Melihat animo yang cukup tinggi tersebut, Executive Vice President (EVP) Sekretaris Perusahaan Hutama Karya Tjahjo Purnomo mengatakan bahwa masa beroperasi tanpa tarif ini dilakukan dalam rangka sosialisasi dan edukasi berkendara dengan baik di jalan tol, salah satunya mengenai penggunaan kartu uang elektronik di jalan tol.
“Pengguna jalan diimbau untuk mengecek keadaan fisik kartu uang elektronik terlebih dahulu sebelum digunakan, kartu yang digunakan harus dalam keadaan baik, dikarenakan beberapa kali ditemukan pengguna jalan yang masih menggunakan kartu edisi lama dengan chip kartu yang tidak terdeteksi lagi. Ini kami harapkan dapat menjadi perhatian pengguna,” imbuh Tjahjo dalam keterangan resmi.

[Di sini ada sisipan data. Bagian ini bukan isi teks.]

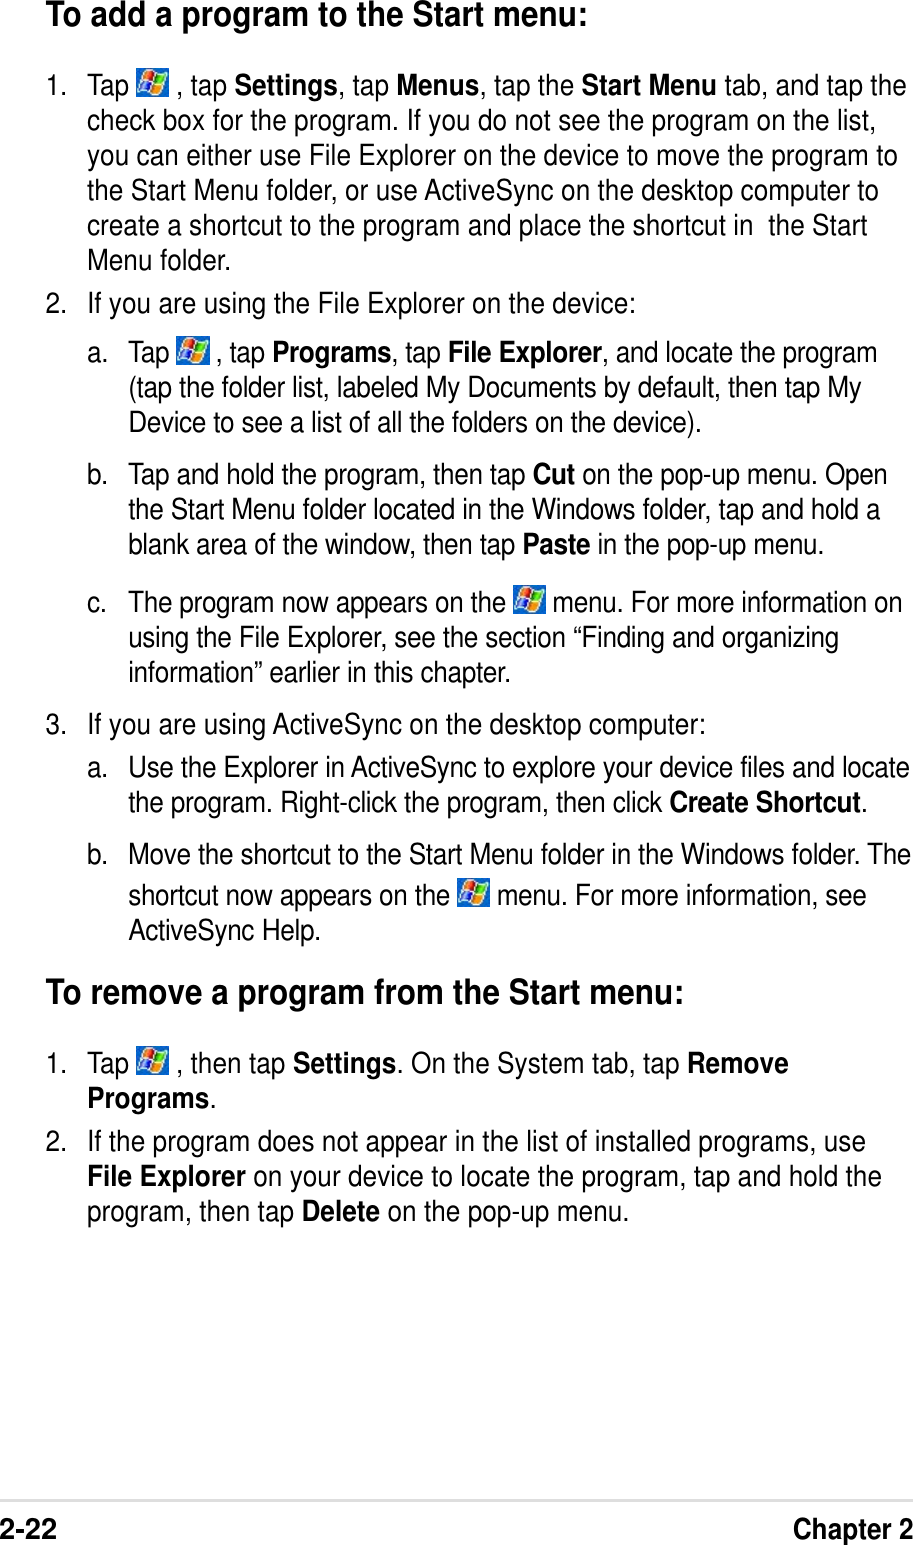 2-22Chapter 2To add a program to the Start menu:1. Tap   , tap Settings, tap Menus, tap the Start Menu tab, and tap thecheck box for the program. If you do not see the program on the list,you can either use File Explorer on the device to move the program tothe Start Menu folder, or use ActiveSync on the desktop computer tocreate a shortcut to the program and place the shortcut in  the StartMenu folder.2. If you are using the File Explorer on the device:a. Tap   , tap Programs, tap File Explorer, and locate the program(tap the folder list, labeled My Documents by default, then tap MyDevice to see a list of all the folders on the device).b. Tap and hold the program, then tap Cut on the pop-up menu. Openthe Start Menu folder located in the Windows folder, tap and hold ablank area of the window, then tap Paste in the pop-up menu.c. The program now appears on the   menu. For more information onusing the File Explorer, see the section “Finding and organizinginformation” earlier in this chapter.3. If you are using ActiveSync on the desktop computer:a. Use the Explorer in ActiveSync to explore your device files and locatethe program. Right-click the program, then click Create Shortcut.b. Move the shortcut to the Start Menu folder in the Windows folder. Theshortcut now appears on the   menu. For more information, seeActiveSync Help.To remove a program from the Start menu:1. Tap   , then tap Settings. On the System tab, tap RemovePrograms.2. If the program does not appear in the list of installed programs, useFile Explorer on your device to locate the program, tap and hold theprogram, then tap Delete on the pop-up menu.

Selain fisik kartu uang elektronik, Tjahjo juga mengimbau pengguna jalan untuk memastikan kecukupan saldo terlebih dahulu dikarenakan sebagian besar pengguna jalan yang melintasi Tol Indralaya – Prabumulih juga melewati Tol Palembang – Indralaya yang sudah bertarif. “Kami mengingatkan pula agar pengguna jalan tol yang ingin melintas untuk tetap menyiapkan saldo
kartu uang elektronik, khususnya pengguna yang melintas dari arah Prabumulih menuju Palembang atau sebaliknya dari Palembang menuju Prabumulih. Karena walau Tol Indralaya – Prabumulih masih gratis, namun Tol Palembang – Indralaya tetap dikenakan tarif normal dimana sudah beroperasi normal dengan tarif sejak lama,” imbuh Tjahjo.
Lebih lanjut Tjahjo juga mengimbau pengguna jalan untuk selalu mengutamakan keselamatan saat berkendara di jalan tol dengan terus mengikuti aturan dan tata tertib yang berlaku sesuai dengan tagline kampanye keselamatan berkendara yang dipelopori oleh Hutama Karya yaitu SETUJU (Selamat Sampai Tujuan) dengan 5 point utama diantaranya yakni SETUJU bahwa keselamatan adalah nomor satu, SETUJU pastikan kondisi kendaraan prima, SETUJU tidak ngebut di jalan tol,
SETUJU untuk istirahat jika lelah dan SETUJU Zero ODOL di jalan tol.
“Jika lima poin tersebut diikuti dengan benar, bisa kami pastikan perjalanan akan lebih aman dan nyaman, serta terhindar dari kecelakaan ataupun fatalitas,” tutup Tjahjo.